Build the carousel, rent the horses (or borrow). I was involved in this production many years ago. We were fortunate enough to get hooked up with someone who collected carousel animals. He loaned us a few of his collection. Looked wonderful.


----------



## BrianWolfe (Aug 19, 2013)

Costume Armour


----------



## mjump (Aug 22, 2013)

Since we are wing space poor, when we did this one last year we did not build the whole carousel. The set designer built 6 animals on individual rolling platforms(with battery powered led to help pop them out), and used 6 carnie actors to circle them upstage. Then we used two source 4's with GAMs carousel gobos projected on a curtain behind them. Worked out pretty well.


----------



## jtweigandt (Aug 28, 2013)

I molded horses on the half shell in fiberglass off of my kids old plastic rocking horse


----------



## scapino (Aug 29, 2013)

Since the carousel was only seen in the opening, with the overture, we actually made a little mechanical shadow unit that we placed in front of an un lensed 6" fresnel.
This cast a nice carosel shadow on the act curtain.

Kurt Herman
Tech Director
Lakewood Theatre Company


----------



## Ech725 (Sep 3, 2013)

We had a designer give us a revolving staircase. There was a light canopy above it that did a chase effect to help with the illusion. Unfortunately, it was only used a handful of times for all the work involved but that's how it goes.

As far as horses. We got these from a seller on ebay (Link below). The scenic artists painted them and we mounted them to wagons. 

You are the designer. Remember-think big first and then you can scale it down once reality comes into play. 



Unpainted Fullsize Ilions Carousel Horse Large 63" | eBay


----------



## Barbara (Nov 6, 2014)

Ech725 said:


> We had a designer give us a revolving staircase. There was a light canopy above it that did a chase effect to help with the illusion. Unfortunately, it was only used a handful of times for all the work involved but that's how it goes.
> 
> As far as horses. We got these from a seller on ebay (Link below). The scenic artists painted them and we mounted them to wagons.
> 
> ...




ntrimp91 said:


> Hey all,
> 
> I am the scenic designer for my school's production of _Carousel _which will be taking place this spring. I was wondering if the merry-go-round in the first scene of the show is usually something that is built, or rented? I am sure there are many challenges to building something of this caliber , however, as a senior, I've gotten to know my program's shop capabilities pretty well, and it's definitely something we're capable of. I was wondering if I could hear some of your opinions on the matter. As I asked before, is this unit something that is usually built or rented? Has anyone been the designer/td for this show and would care to share their stories?

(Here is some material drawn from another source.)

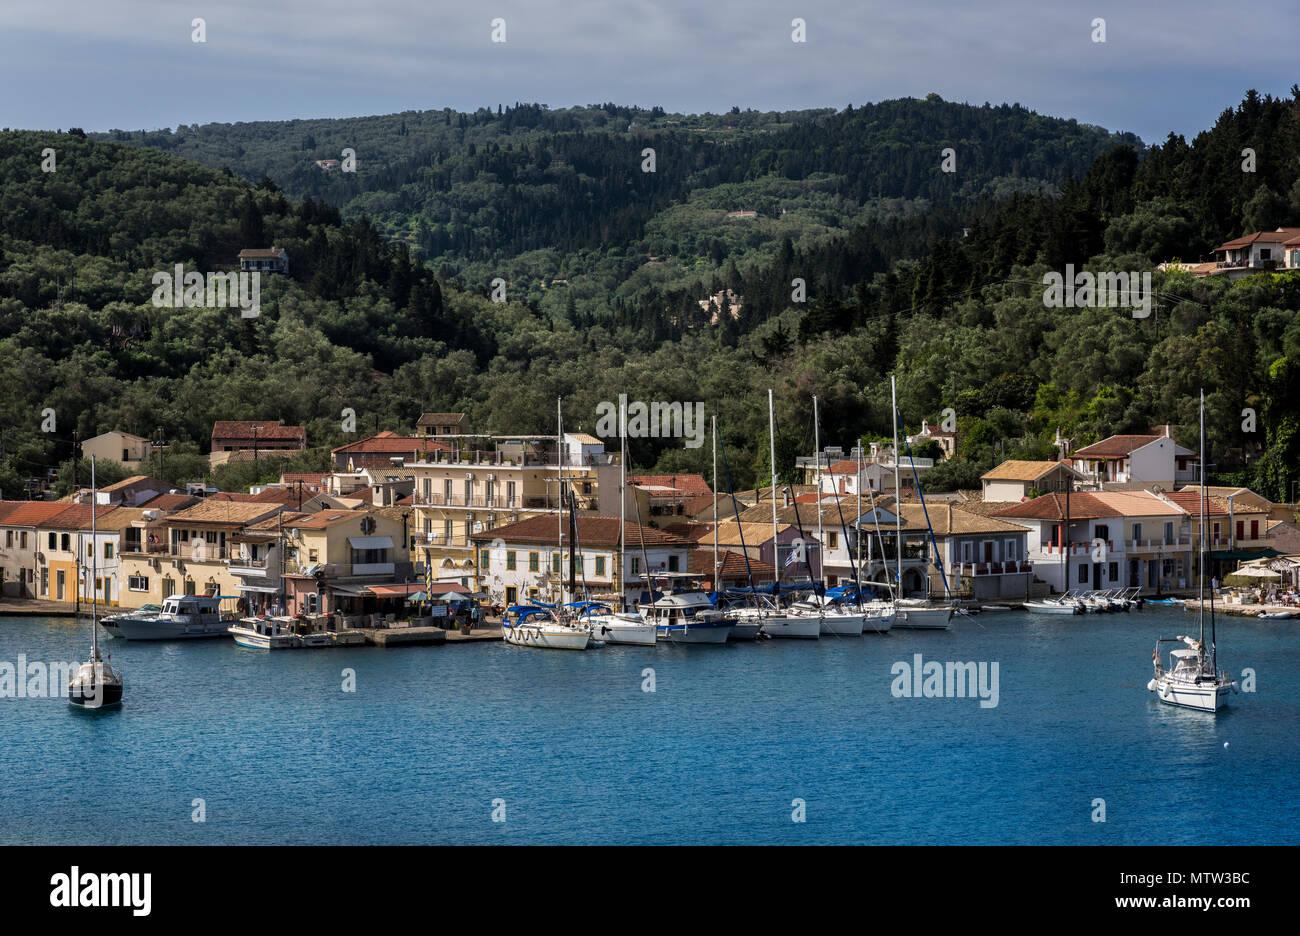 Lakka Harbour, Paxos. - Stock Image

My company It's Only Natural, manufactures reproduction carousel horses and ships worldwide. The range in price from $200- $1500 and are 30"- 63". We sell them finished and unfinished. My email is [email protected]


----------



## ntrimp91 (Nov 6, 2014)

So the outcome of our carousel was very successful. In the end we did in fact build a turntable that rotated via a cable driven motor. I'm gonna be posting in-progress and finished photos soon of both the carousel and the motor rig itself. I will say the entire process was very rewarding, and was very representational of good collaboration between artists and craftsmen.


----------